Василий посмотрел во влажные, но суровые и показавшиеся ему большими глаза совершенно изменившегося в эти минуты Волкова, потом перевёл взгляд на сияющую икону, и начал, заикаясь и прерываясь, свой страшный, но не длинный рассказ. Когда закончил, то почувствовал, что в сердце стало легко. Ему почему-то вспомнился высокий ангарский берег Погожего, с которого было далеко видно, и чувство простора, шири, необозримости земли и неба охватили его душу. Мельком, но светло прошли в памяти лица родных, и он улыбнулся твёрдыми губами, облизнул их и посмотрел на Волкова, ожидая ответа, действия, оценки. Фельдфебель вобрал в грудь воздуха, продолжительно выдыхал.
— Теперь я знаю — жить во грехе не смогу, — сказал Василий. — А жить-то надо! Потому что молодой, сильный и здоровый я. Но как жить? Куда и в какую сторону прокладывать дорогу, если душа отягощена великим грехом? Запутался я.
— Тяжёл твой грех, да виной, понимаю, не ты, а сатана. Молод ещё, неопытен, потому и не смог разгадать козни лукавого.
Помолчал, очевидно собираясь с мыслями, подыскивая нужное, неопровержимое слово.
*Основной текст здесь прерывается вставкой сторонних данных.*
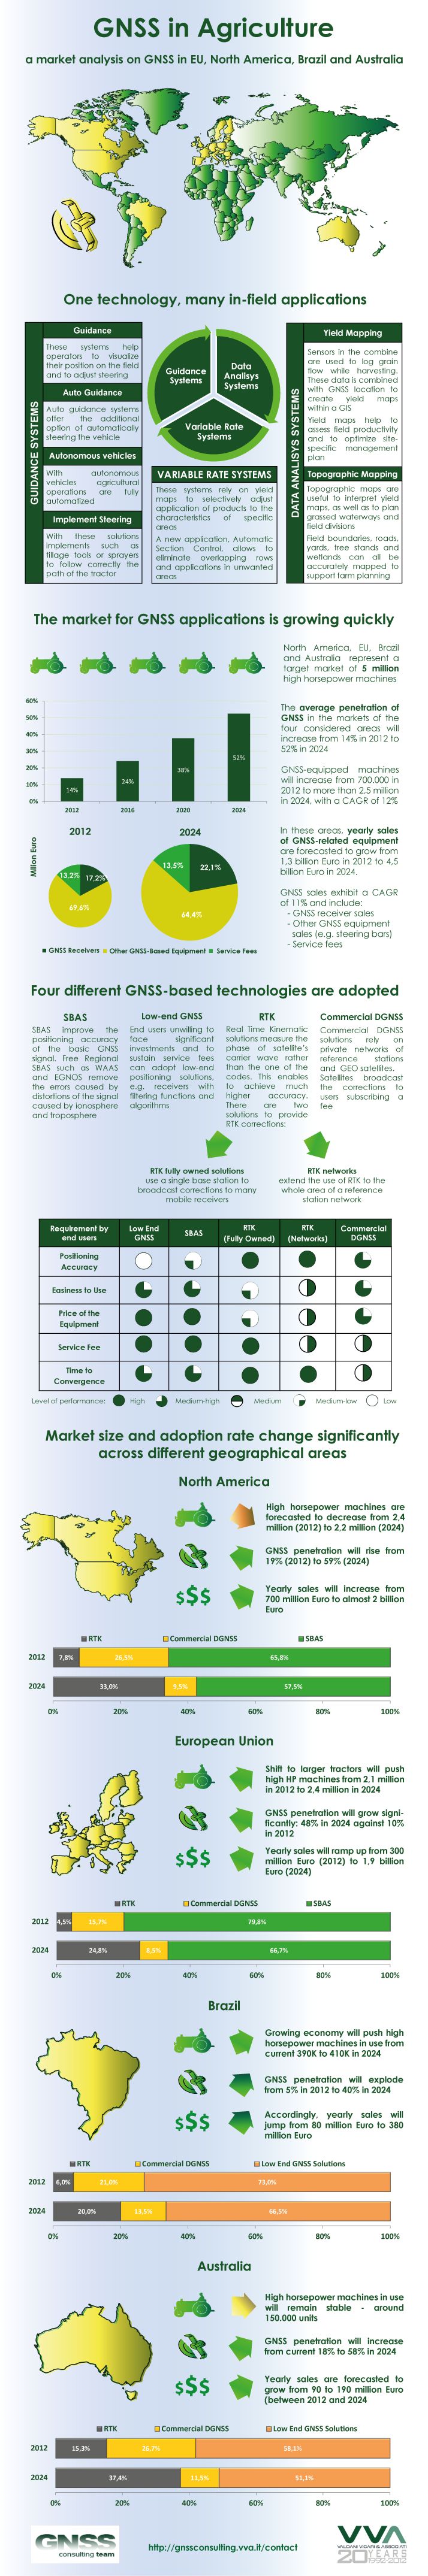 infographic about GNSS in agriculture market analysis, nov. 2012.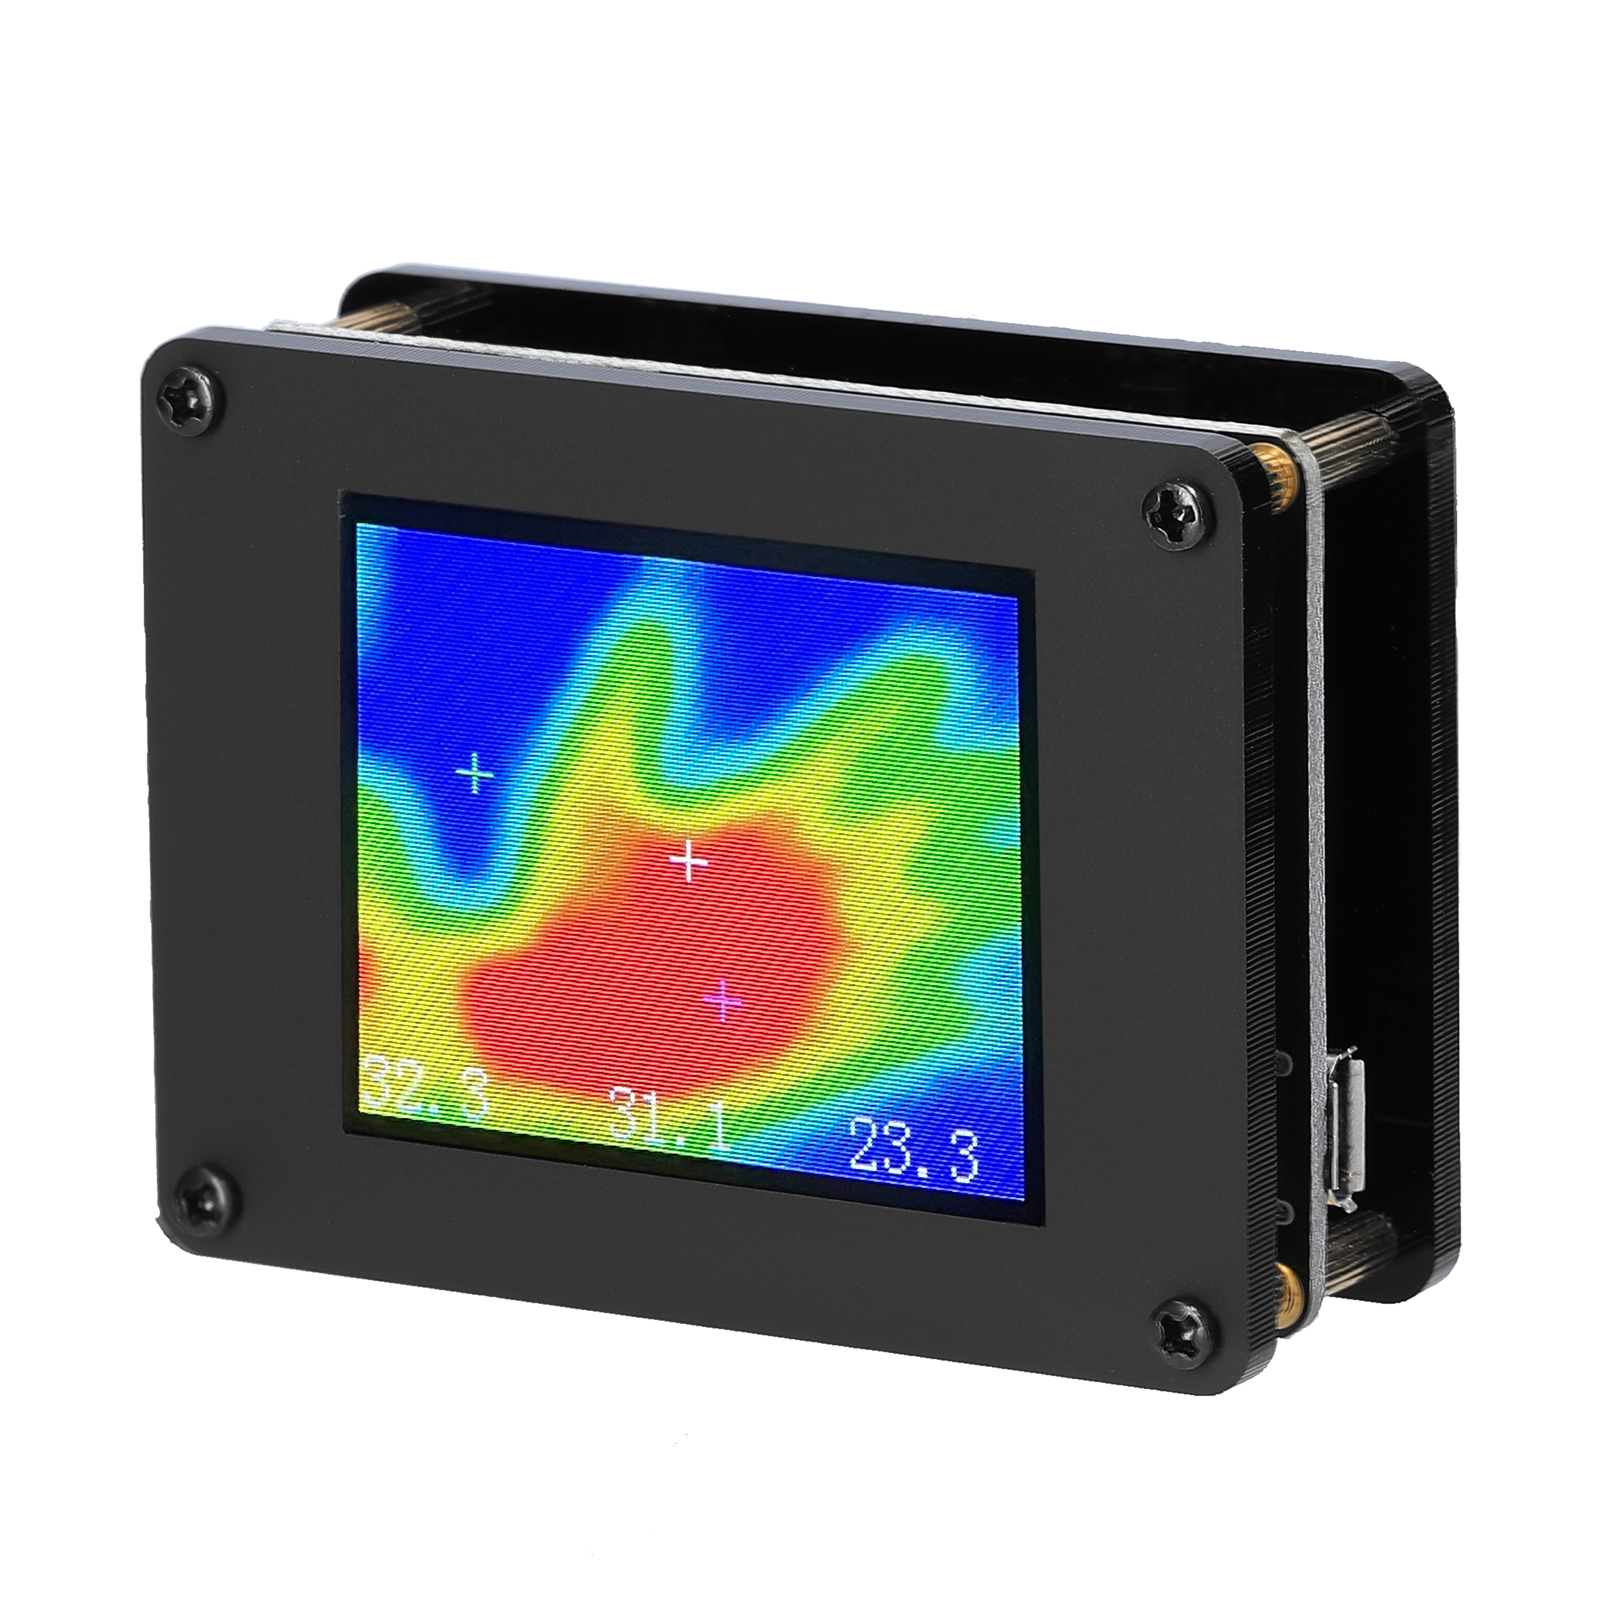 MLX90640-Portable-3224--40300-Infrared-Thermal-Imager-with-18-Inch-TFT-Screen-Infrared-Temperature-S-1898503-6

— Не я? — недоверчиво и тихо спросил Василий, всматриваясь в суховатое лицо седого, но крепко сбитого Волкова.
— Твоими руками орудовал сатана. Тобою, чую, обуяла жадность — орудие антихристово. Ты защищал имущество своей семьи, а жить-то человек должен, чтобы чистым и непорочным предстать пред Господом, войти в Его Царствие. Ты же думал о земном. Но всё земное — тленное, злокозненное. — Волков, пожевав
редкий, но жёсткий ус, спросил: — Ты исповедался передо мной, но почему не перекрестился ни разу. Я не уставщик и не старец, но пред тобой лик Заступницы. Окстись.— Вы не священник, — неуверенным слабым голосом произнёс Василий, не насмеливаясь взглянуть в глаза Волкова.
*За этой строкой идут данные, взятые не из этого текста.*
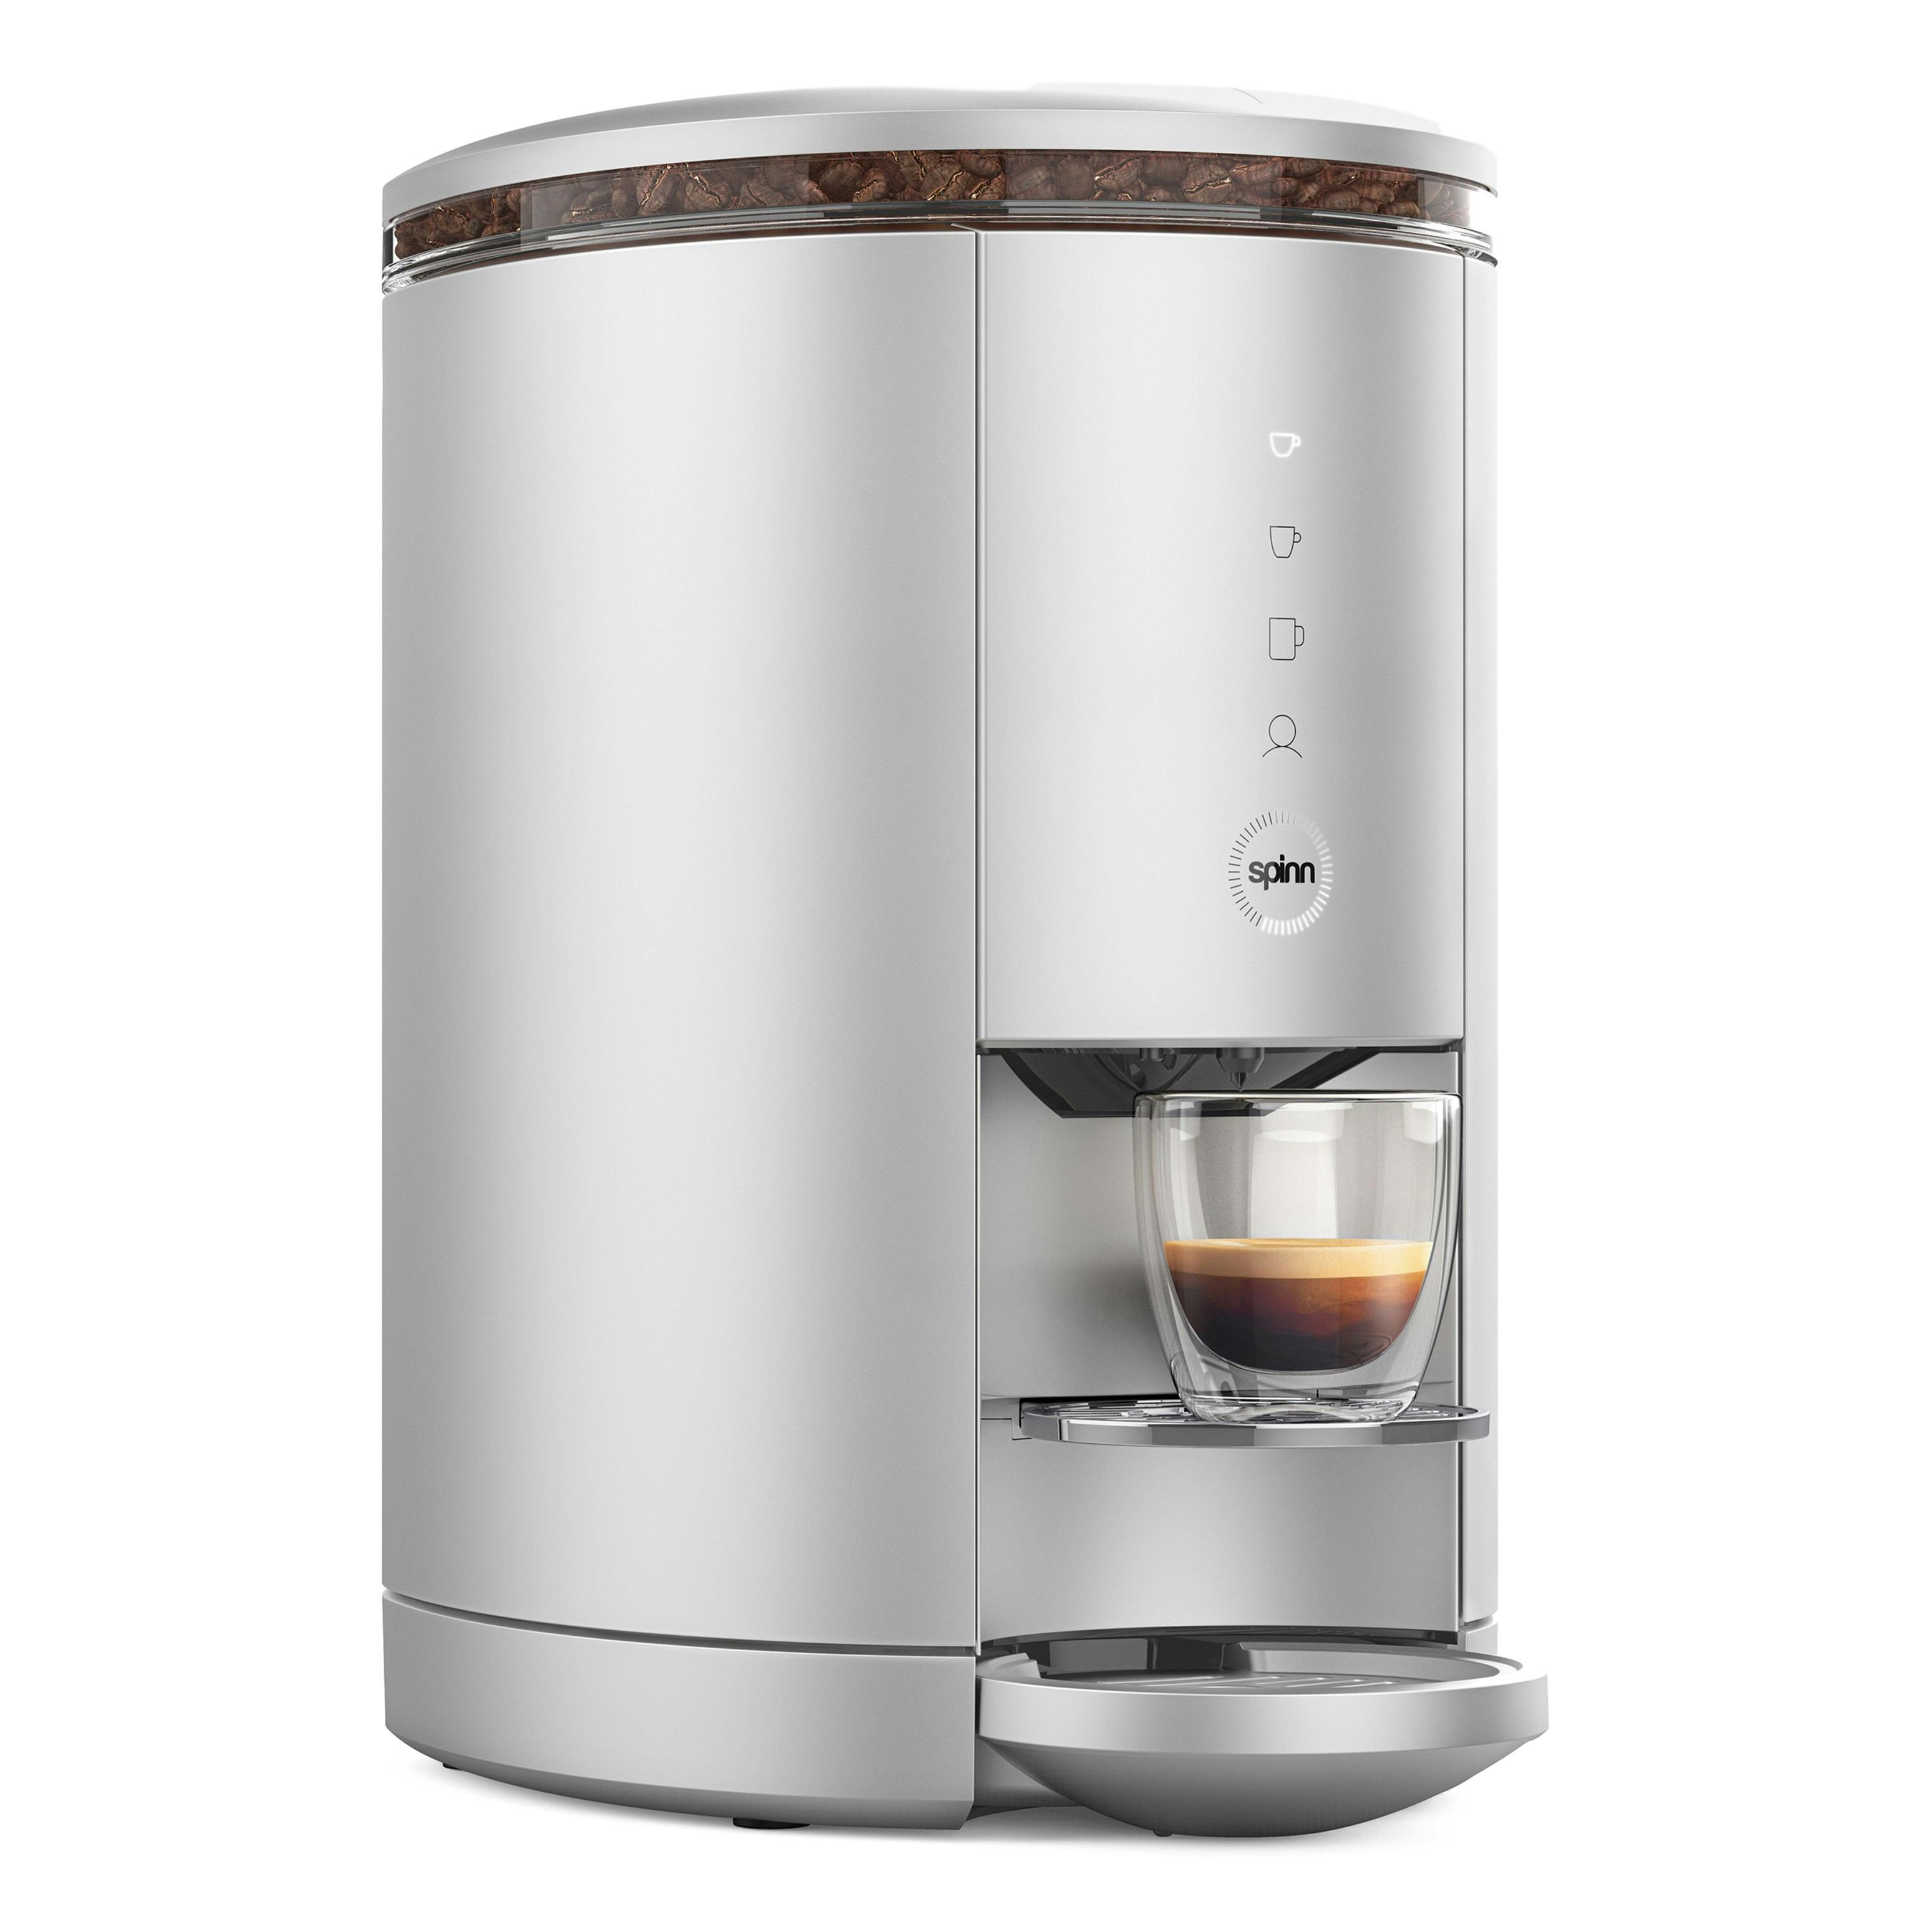 Spinn - automatic and wifi connected espresso maker

— Пред тобой икона, — с вызовом прервал Василия неумолимый Волков с глухим рокотом в голосе и неприятно сжал губы.
— Двуперстием или трёхперстием наложить знамение?
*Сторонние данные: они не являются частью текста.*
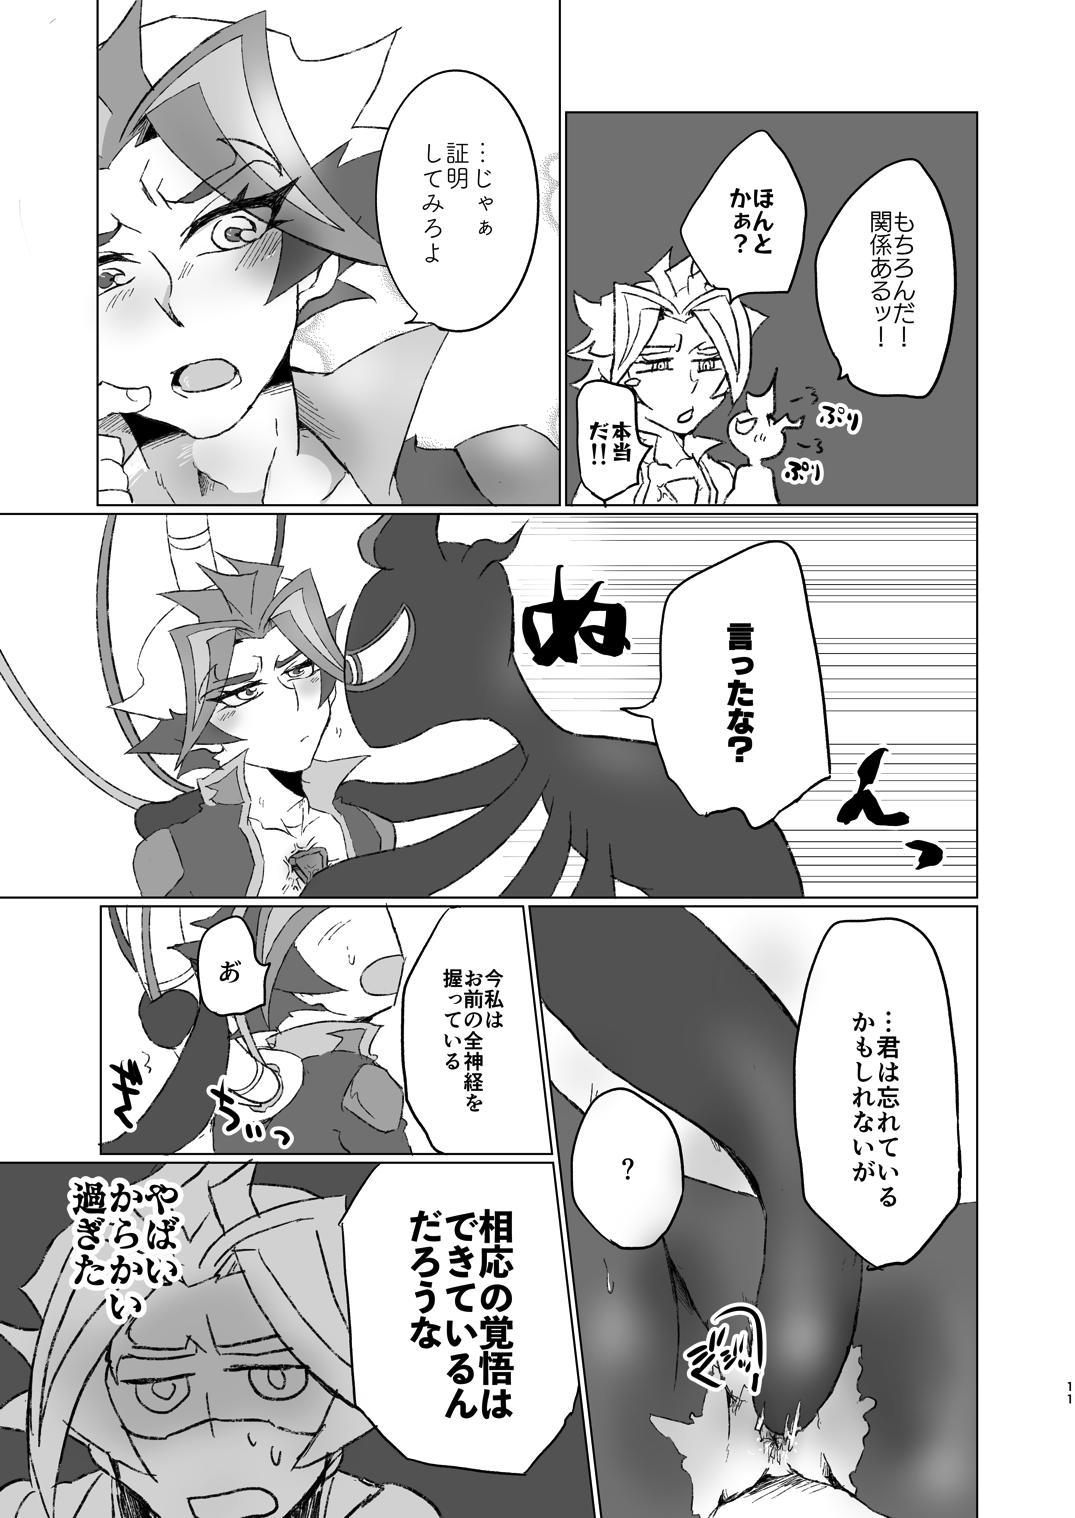 Penetration A little bit further - Yu-gi-oh vrains Hung - Page 10

— А ежели у тебя не было бы пальцев?
— Господу всё едино?
Волков промолчал, сохраняя неприступное выражение на лице. Василий встал и троекратно с поклонами перекрестился трёхперстием, поцеловал лик Божьей Матери, ощутив сладковатый и тёплый запах, исходивший от иконы.
— Вот и хорошо. Христос с тобой. Аминь.
Волков спрятал икону в комод, зачем-то пригасил лампу — на стены легли размазанные, но густые тени. За оконцем уже лежала плотная, смолистая тьма. В казарме было тихо, только слышался здоровый, бодрый храп из расположения да тиканье маятника над головой у часового, который стоя дремал, поклёвывал носом.
— Никому не сказывай об иконе.
— Не скажу, господин фельдфебель.
— Да какой я теперь тебе «господин»! Ты мне, малой, всё одно что сын. Мне Матерь Божья указала на тебя. Понимать надо! С нами в руководительницах и защитницах теперь Она. А своей сестрице отпиши: впала-де ты в прелесть, устроенную хитромудрым антихристом. Затащит он её не ровен час в омут греха. Погубит девку.
— Отчего же Бог оказывается порой слабже антихриста?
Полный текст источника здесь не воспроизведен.